Odzun Monastery

Odzun Monastery — 6th-century pink felsite basilica in Odzun village, Lori Province

Odzun Monastery (Armenian: Օձունի վանք; also Odzun Church, Օձունի եկեղեցի) is one of the oldest active churches in Armenia, built between the 6th and 8th centuries on a high plateau above the Debed river gorge in the Lori Province. It is also one of the rarest types of medieval Armenian church: a three-nave domed basilica in pink felsite, with arcaded cloister galleries running along the south and west facades — an architectural form that has only a small handful of surviving siblings in the broader Armenian world, including the 7th-century cathedral of Mren in historical Armenia (now in Turkey).

Quick Facts

  • Built / Founded: 6th c.; rebuilt 717–728
  • Location: Odzun village, Lori Province
  • Also known as: Odzun Church, Odzun Basilica, Odzun Monastery, Holy Mother of God Church in Odzun, Օձունի եկեղեցի, Օձունի վանք
  • From Yerevan: 165 km / about 2.5 hours by car
  • Entrance fee: Free
  • Time needed: 30–45 minutes on site
  • Best time to visit: April–June and September–October
  • Status: Active Armenian Apostolic church
  • GPS coordinates: 41.0508405, 44.6165052

The church’s current shape comes from a major 8th-century reconstruction carried out by Catholicos Hovhannes III Odznetsi (“John of Odzun”), the most important Armenian churchman of his age, who was born in this very village.
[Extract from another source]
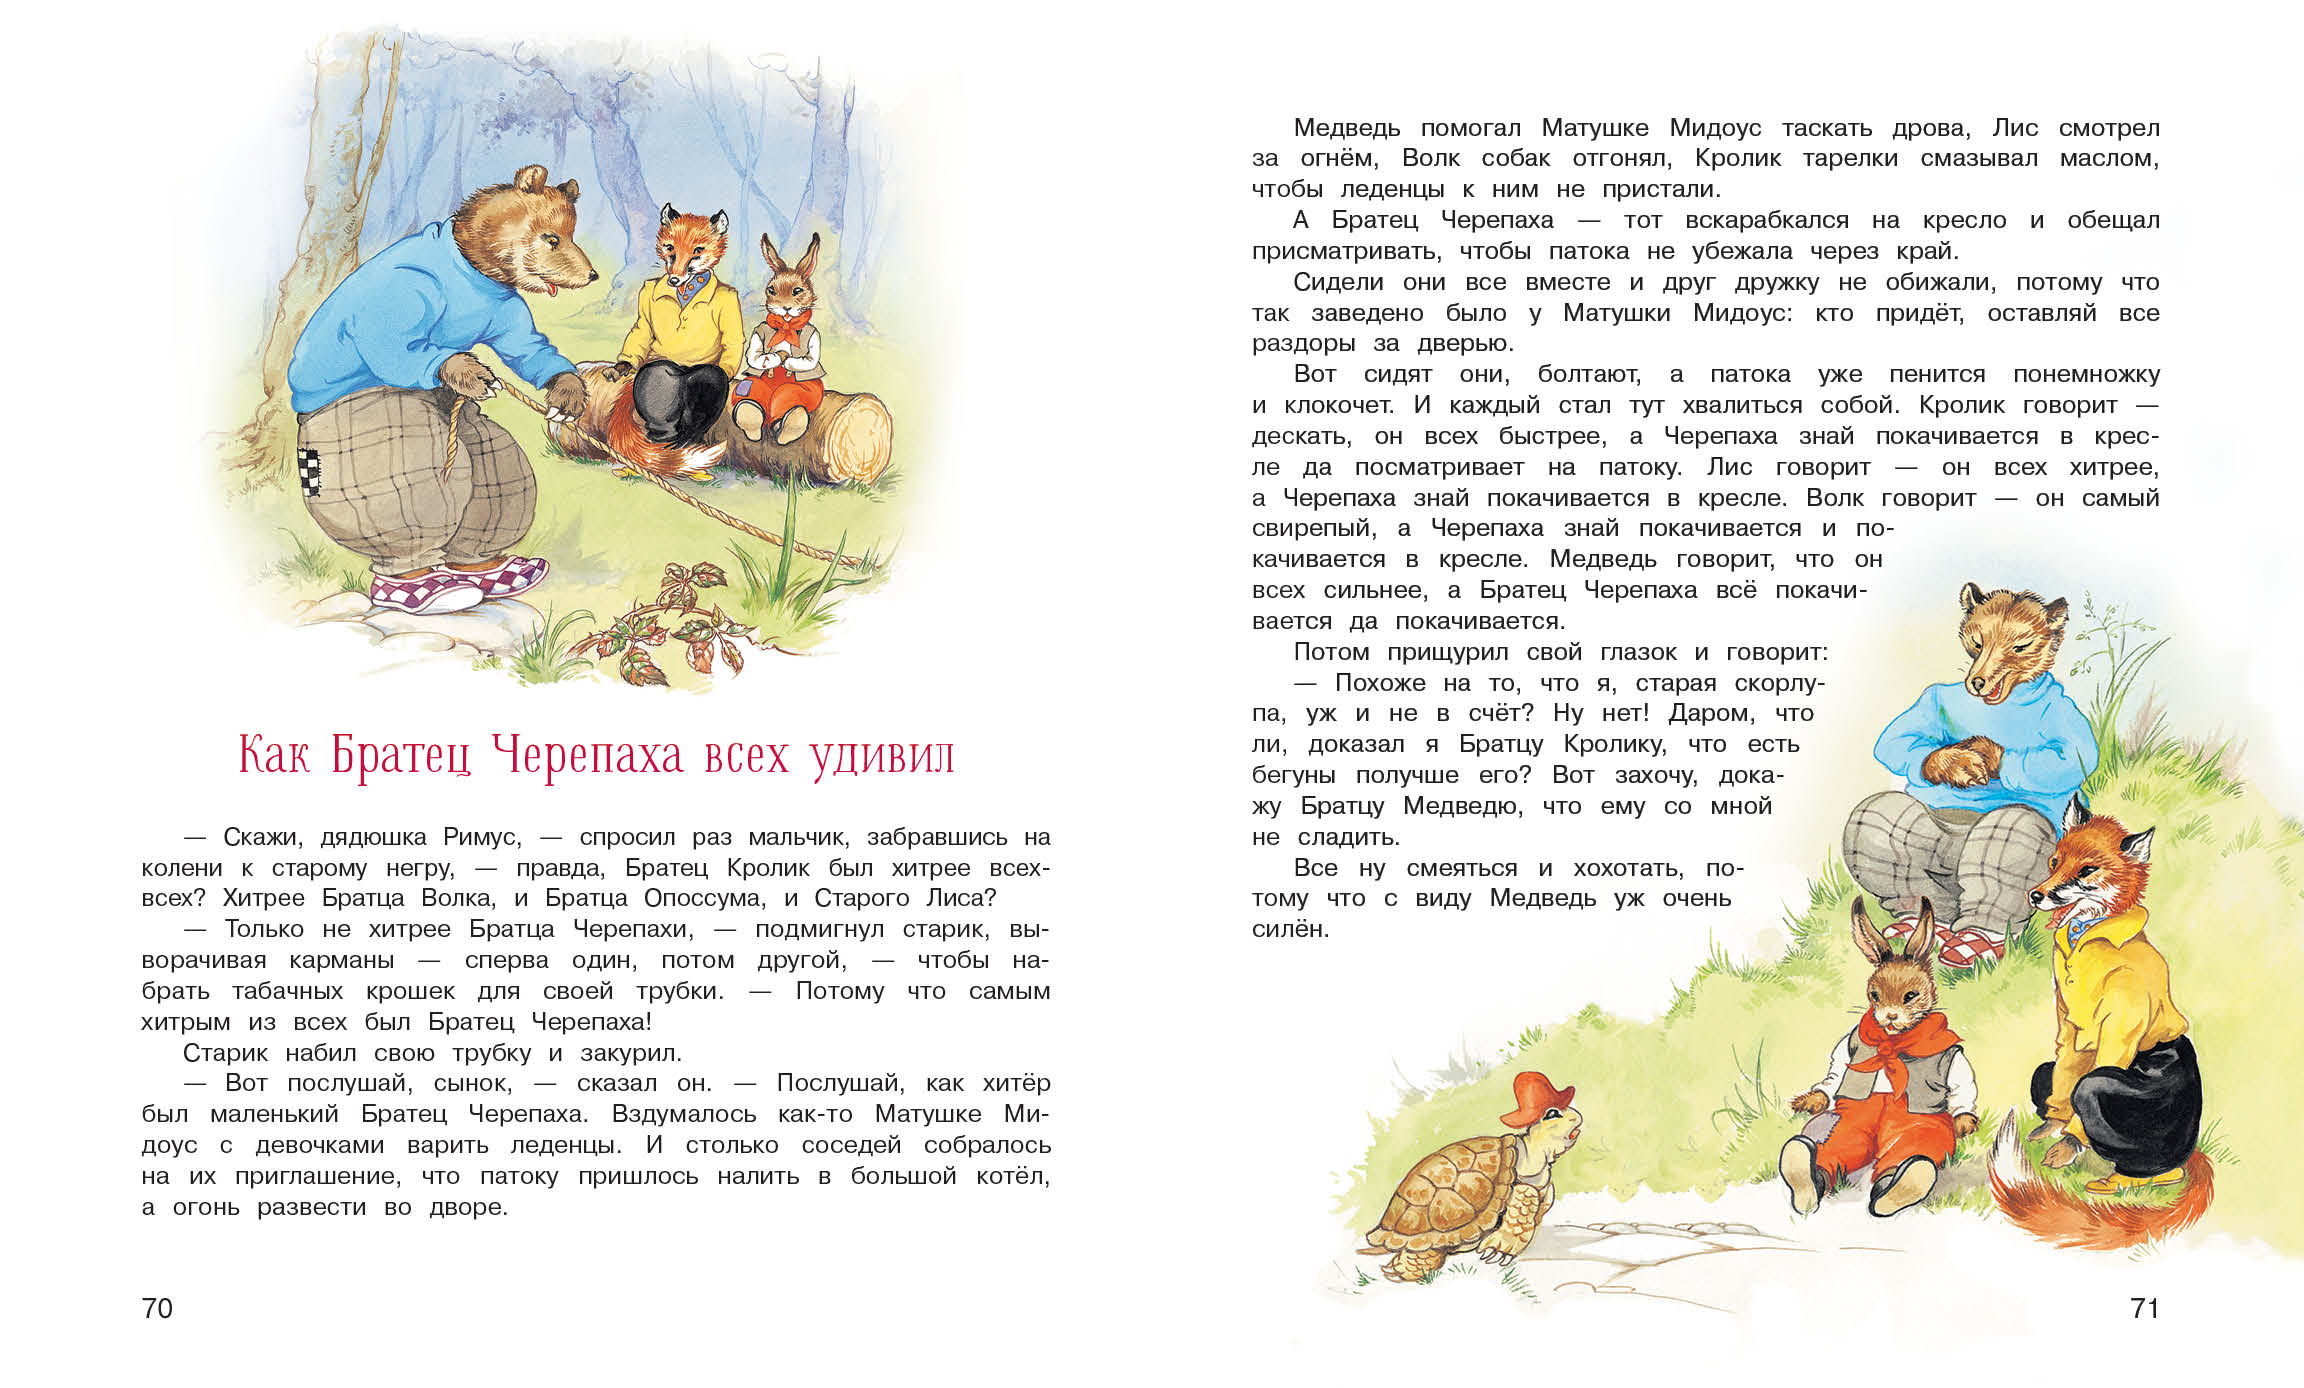 ТД Стрекоза 100 лучших книг. Сказки дядюшки Римуса 10330-1 - фото 3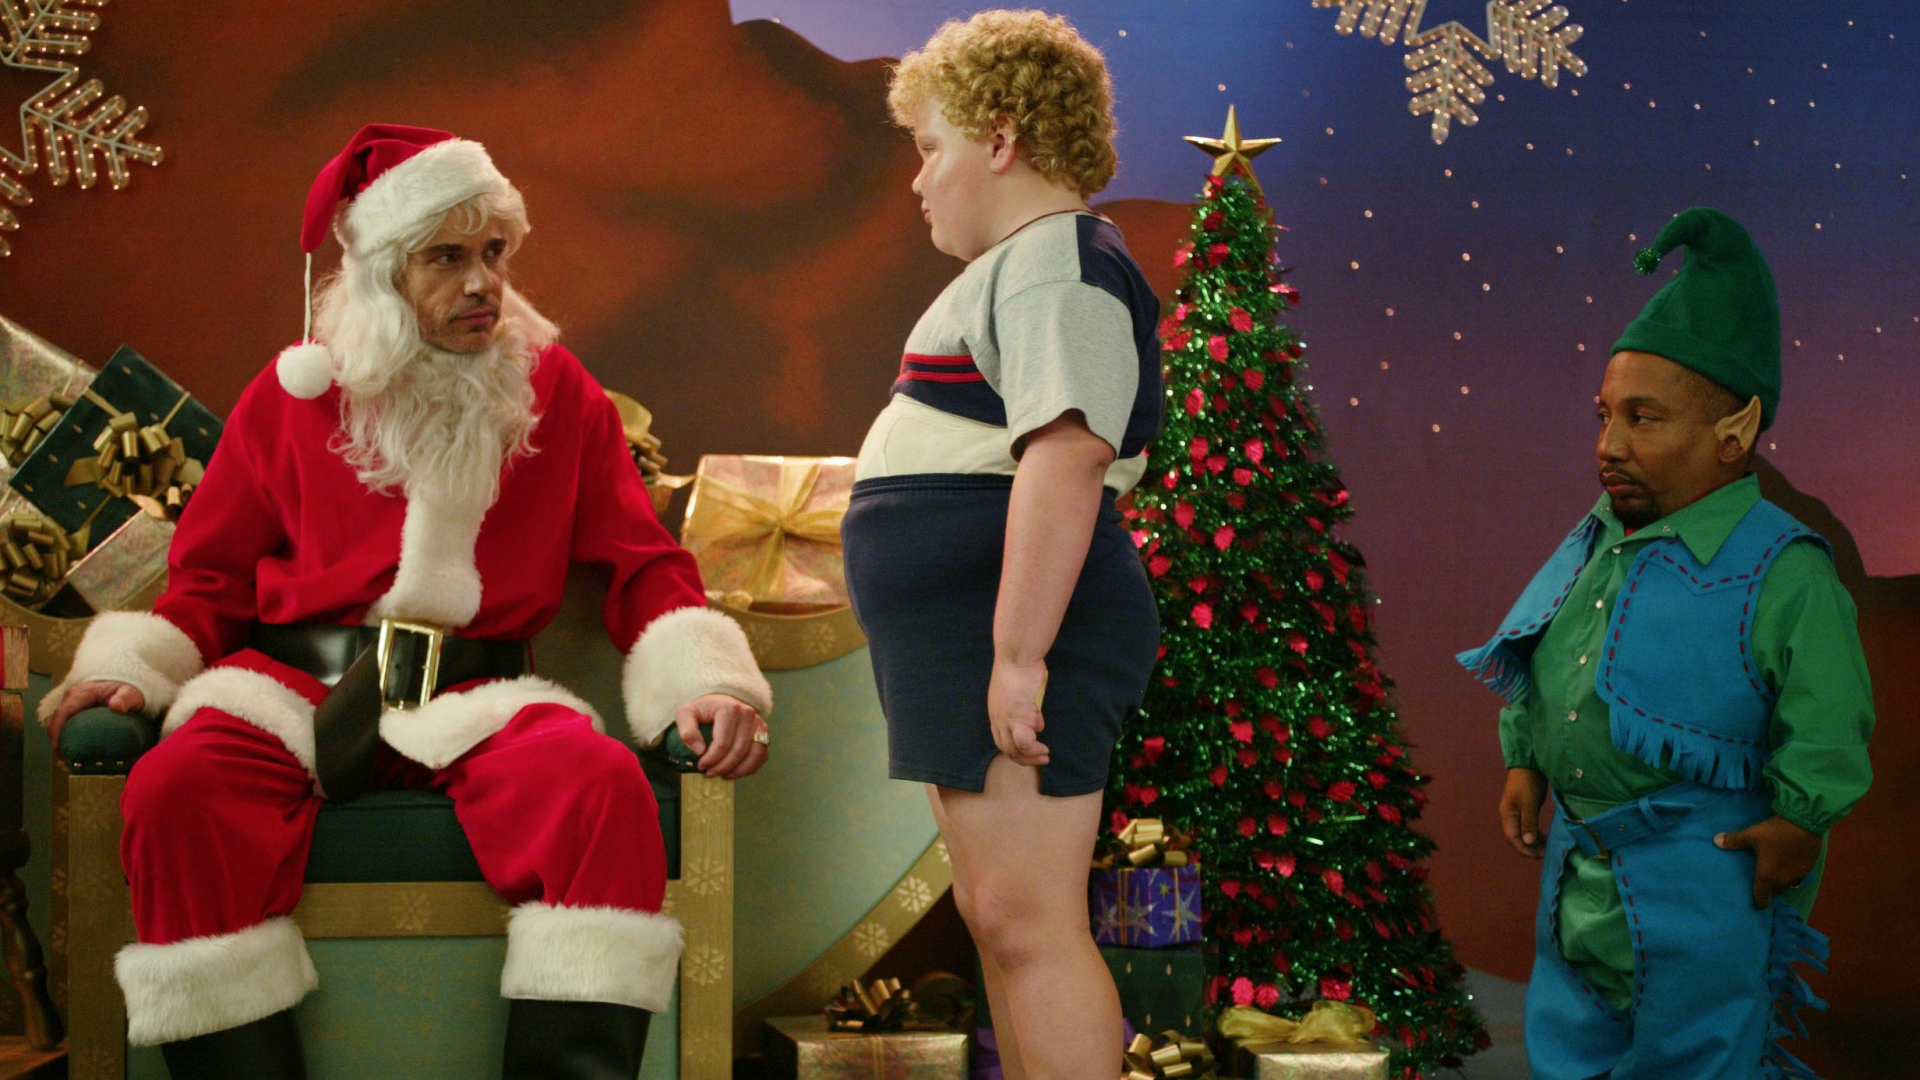 bad santa, Comedy, Christmas, Bad, Santa Wallpaper

A few steps to the north of the basilica stands an even rarer monument: a stepped platform supporting two carved stelae depicting the Twelve Apostles, the Annunciation, the Baptism — and the conversion of King Tiridates III by Gregory the Illuminator. Only two such monuments survive in all of Armenia; the other is at Aghudi in Syunik. Together, the basilica and the stelae make Odzun one of the most concentrated single sites of early Armenian Christian art.

Main facade of Odzun domed basilica with a carved image of Christ

A short history: from Apostle Thomas to the 2014 restoration

Local tradition places the foundation of Odzun in the first century of Christianity: the Apostle Thomas (in Armenian T’ovmas, “the Doubting Thomas”) is said to have visited the village, ordained the local clergy, and buried Christ’s swaddling clothes at the site of the future church. The Armenian verb otsel (օծել), “to anoint,” is the most widely accepted etymology of Odzun — and the legend connects the place name to that act of consecration. A competing etymology connects Odzun to the Armenian odz, “snake,” reflecting an older pre-Christian layer and the dragon-fighting reputation of the 8th-century catholicos.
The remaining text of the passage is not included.